I'll have to add Barthes' Mythologies to my list. Derrida I will get to some day as well.

In the opening pages of "semiotics for beginners" the author discusses how looking at the world in this way bestows upon the critical thinker the power of the critique. I am hoping that this foray into the relative unknown will shed some light on this statement.


message 4: by Ryan (new)

Ryan | 7 comments Mod
I just picked up Barthes' "The Pleasure of the Text" and I'll probably start reading it when I'm done with Bucky Fuller. I don't know how relevant it is to semiotics, but knowing Barthes it will at least be generally in the field.


message 5: by Jeff (new)

Jeff (jeef) | 14 comments Mod
I'm halfway through Eco's "A Theory of Semiotics" and it's a really well written, well organized read, though it is slightly boring me in the details.
His general message seems to be that ideas that we try to represent in words are culturally generated, and are also interpreted/decoded using similar cultural filters.
The book is broken down into developing a theory of codes and a theory of sign production.
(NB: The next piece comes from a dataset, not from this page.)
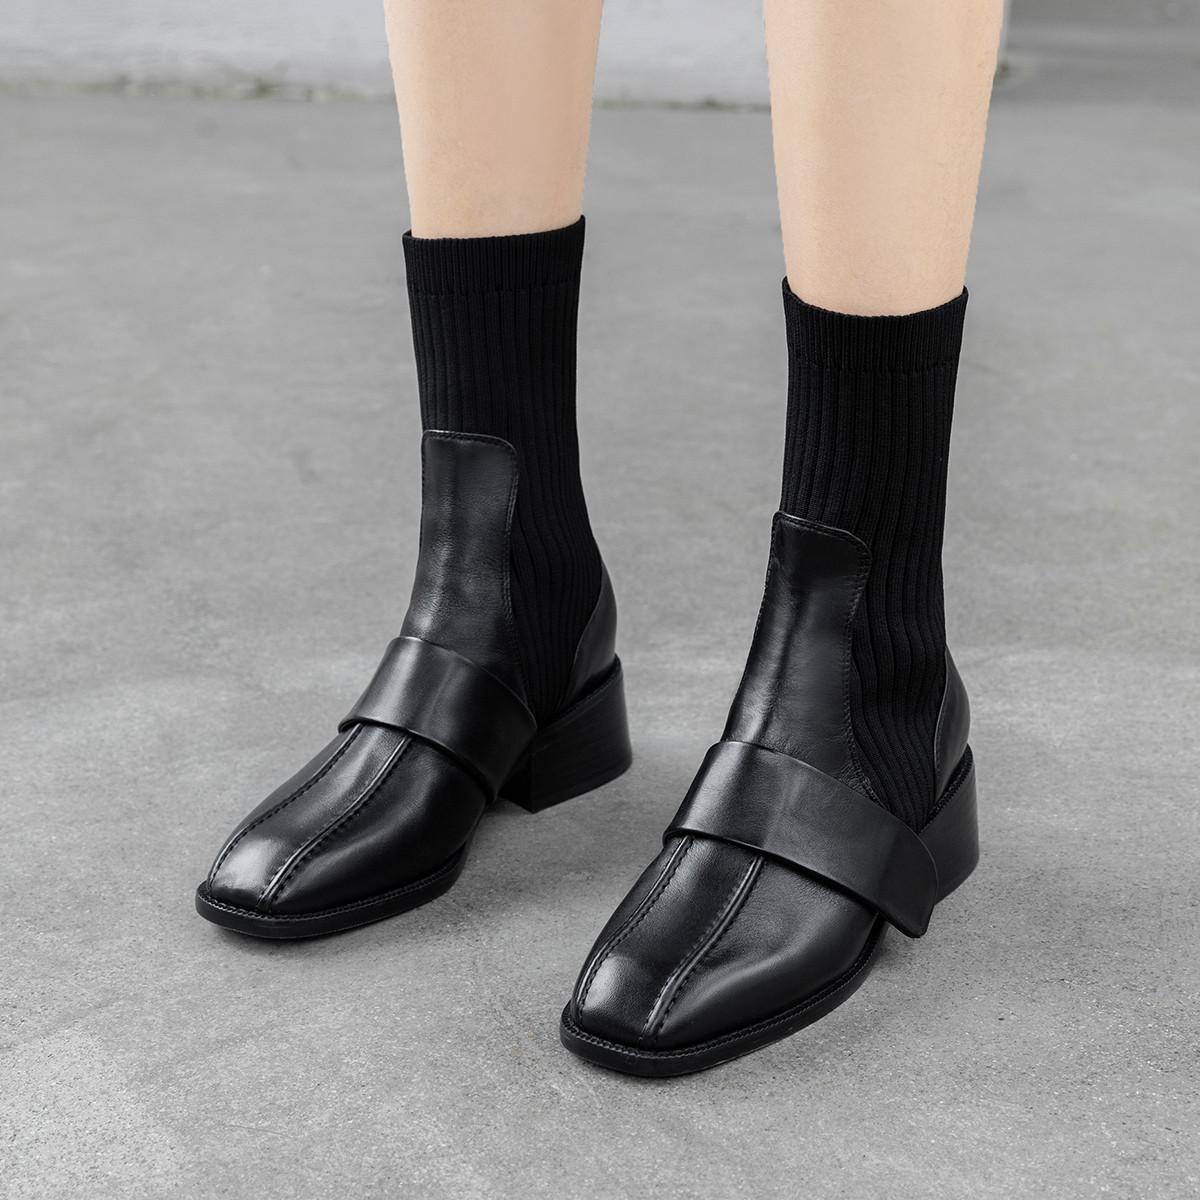 【专柜清仓】艾米娜头层牛皮女短靴弹力靴毛线女靴子短筒休闲靴

He touches upon information theory, of which I have read a few of the books he references from my undergrad engineering studies. I found this to be somewhat surprising, and am inspired by the breadth of Eco's intellect. He also references a lot of authors I would like to get my hands on... Hjelmslev, Wittgenstein, Levi-Strauss, Pierce, Saussere, etc.

His work "Semiotics and the Philosophy of Language" is said to be more pertinent to studies of grammar and artificial intelligence, which might interest some breeders.

I recommend "The Name of The Rose", which is one of his works of fiction to anyone. It was a really well written, interesting and fun book. It's about monks and a library.


message 6: by Mr (new)

Mr Duck | 6 comments Mod
I've totally read 'The Name of the Rose'. Book straight up ruled. I have another book of his too, but what is this semiotics stuff all about.

Is this a theory about the world, or some philosophy, or science, or just people taking their own literature too seriously / out of proportion?

Please call your mother at least once per month.


message 7: by Jeff (new)

Jeff (jeef) | 14 comments Mod
You've read some chomsky. You know what linguistics is about. It's like linguistics, but there is a certain animosity between the fields. Semiotics claims to be a more generalized form of linguistics. It is is a field that attempts to describe the exchange of ideas. Apparently we exchange ideas via signs and language is a limited, though quite rich aspect of this process. Umberto Eco argues that "culture" is a system of coding and recoding of ideas and contexts, and any aspect can be studied as a system of signs.